AWS Postgres

Databases/Cache

Setting up a database is a crucial step in deploying your application. In this section, we'll guide you through creating a PostgreSQL database using AWS's Relational Database Service (RDS) and Terraform.

Understanding RDS

Amazon RDS (Relational Database Service) is a managed service that makes it easy to set up, operate, and scale a relational database in the cloud. RDS handles common database management tasks such as backups, patching, scaling, and high availability, so you can focus on your application's development.

Why Use RDS?

RDS is a great choice if you want to save time on database management. It provides automatic backups, easy scaling, and robust security features, all while freeing you from the overhead of managing the underlying infrastructure.

Step-by-Step: Setting Up a PostgreSQL Database

Let's walk through the process of setting up a PostgreSQL database using Terraform.
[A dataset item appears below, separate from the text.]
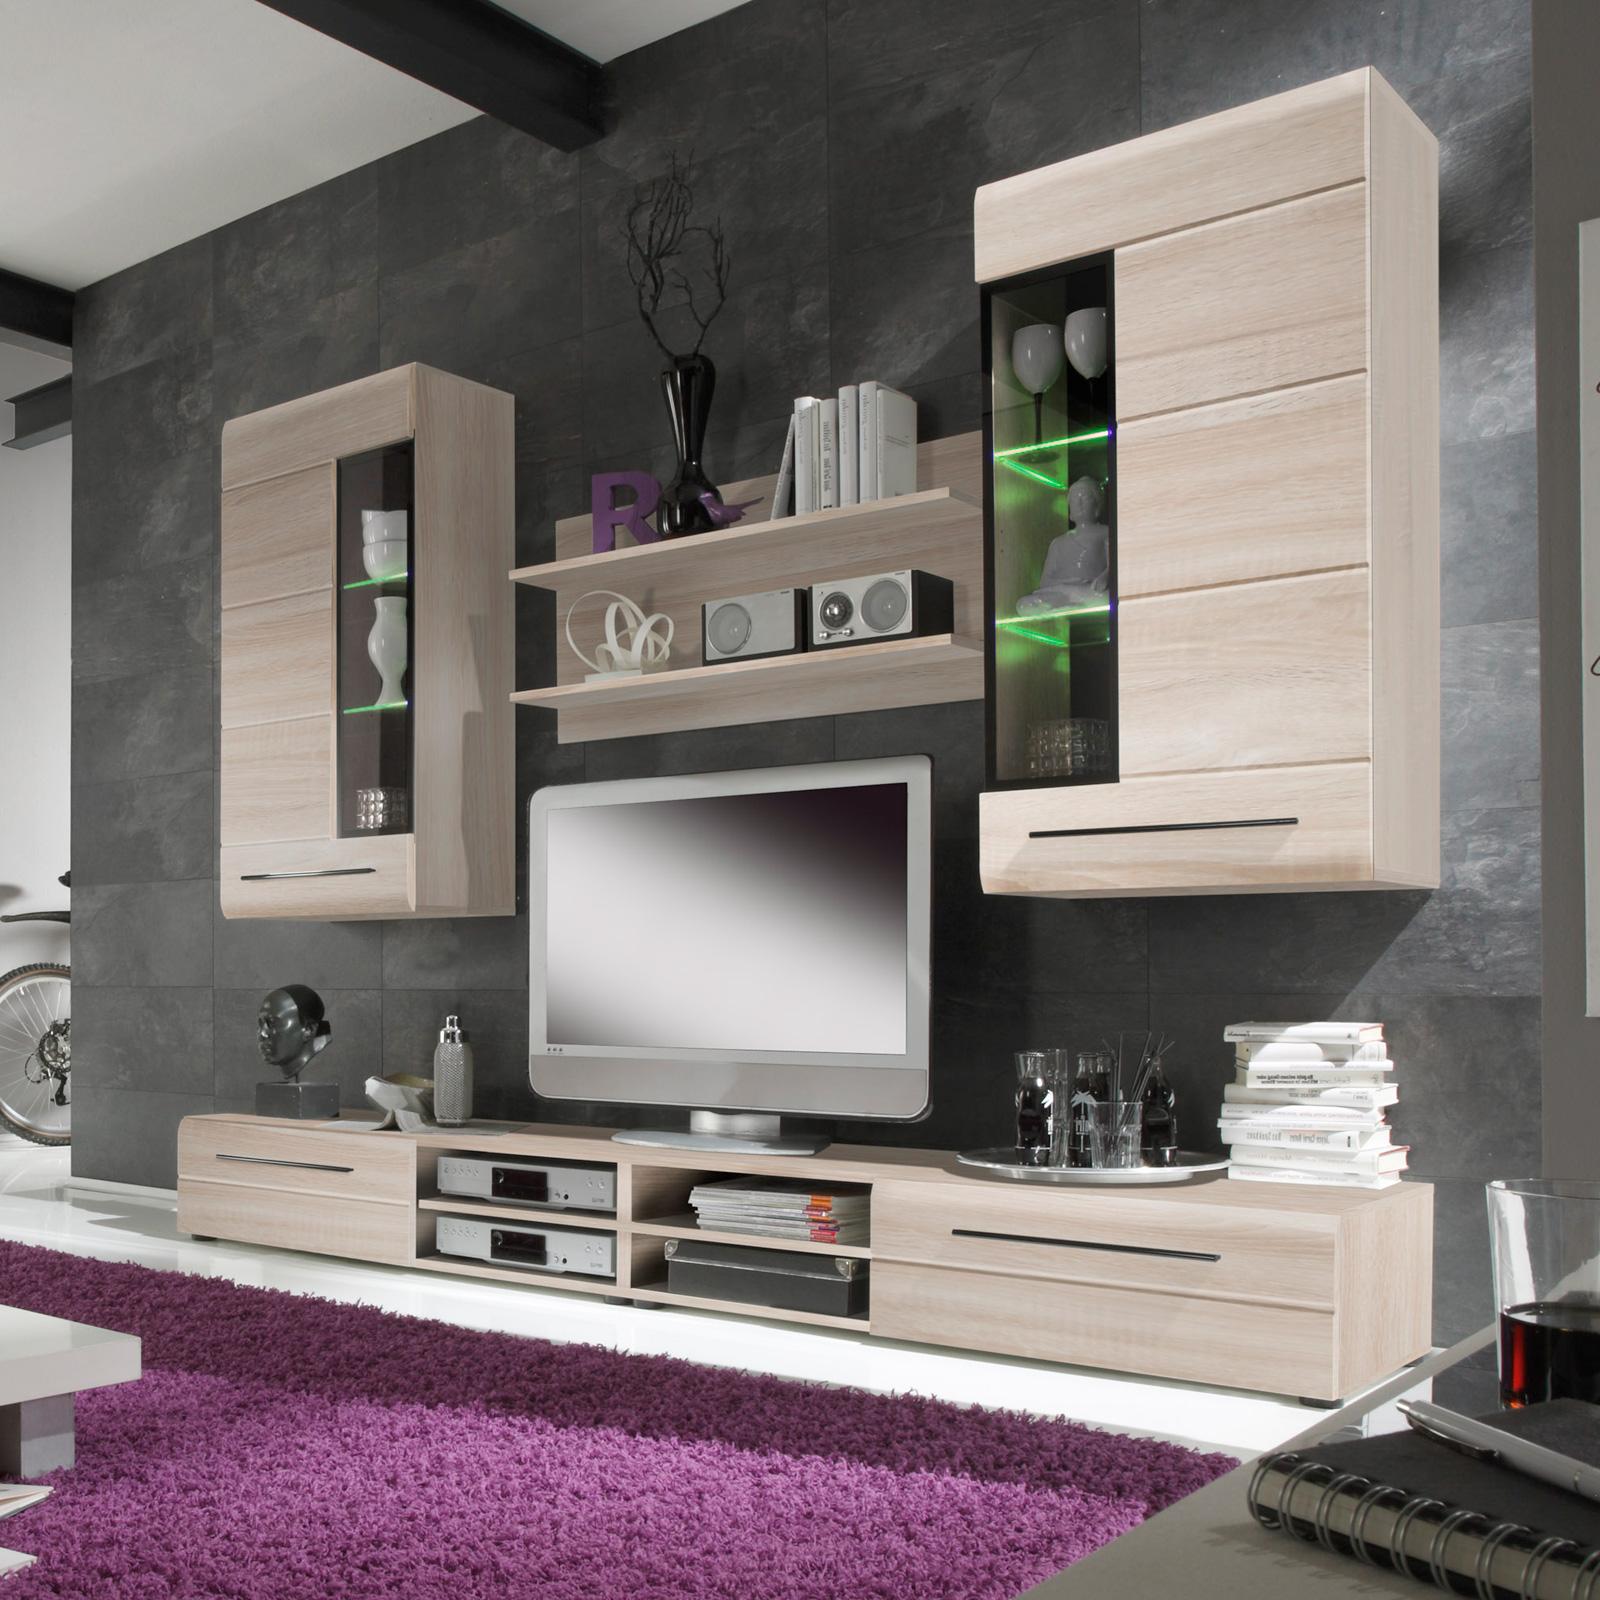 wohnwand skin 2 wohnzimmer anbauwand in eiche s gerau hell mit led beleuchtung ebay. Black Bedroom Furniture Sets. Home Design Ideas

Step 1: Set Up the Database Module

The Terraform module for setting up an RDS database handles all the necessary configuration for deploying your database in a secure and scalable way.

module "db" {
  source = "../modules/postgres"
  
  context = {
    namespace = "test"
    stage     = "staging"
    name      = "api"
  }

  vpc = {
    id           = module.vpc.id
    cidr         = module.vpc.cidr
    subnet_group = module.database_subnet.database_subnet_group_id
  }

  identifier = "test"
  db_name    = "database"
  db_user    = "postgres"
  
  parameter_group_family = "postgres16"
  engine_version         = "16.3"
  
  deletion_protection = true
  apply_immediately   = false
}

What This Does:

Context: Organizes your infrastructure resources by namespace, stage, and name, helping you keep track of different environments (e.g., development, staging, production).
VPC Configuration: Specifies where your database will be placed within your VPC (Virtual Private Cloud). This includes the VPC ID, the network range (CIDR), and the specific subnet group where the database will reside.
Identifier and Credentials: Sets a unique identifier for your database instance and defines the database name and user.
Engine and Version: Chooses the database engine (PostgreSQL in this case) and its version.
Protection and Changes: Enables deletion protection to prevent accidental removal and applies configuration changes immediately.

Connection Summary

VPC Module: Provides the VPC ID and network range (CIDR block) to securely contain your database.
Database Subnet Module: Supplies the ID of the subnet group where the database will be hosted.
DB Module: Uses the VPC and subnet details to create a PostgreSQL database with the specified settings, ensuring it's secure and properly configured.

Extra Tips

Security First

Your database is only as secure as its network configuration. By placing the database within a VPC and using specific subnets, you ensure that it is only accessible from trusted parts of your infrastructure.

Apply Immediately

If you're in a development or staging environment, applying changes immediately (apply_immediately = true) is useful for quick iterations. In production, however, you might want to schedule changes during maintenance windows.

Force SSL

If your app does not support ssl rds connection you might need to set

 parameters = {
 "rds.force_ssl" = "0"
 }

Understanding the Components

VPC: A Virtual Private Cloud (VPC) isolates your database from the internet, providing a secure environment.
Subnet Group: A collection of subnets (within your VPC) where the RDS instance is deployed, ensuring high availability across different availability zones.
RDS Instance: The actual database server running PostgreSQL, managed by AWS.

This setup ensures that your PostgreSQL database is securely placed within a VPC, configured according to best practices, and protected against accidental deletion. With these modules and configurations, you can focus on your application while AWS handles the heavy lifting of database management.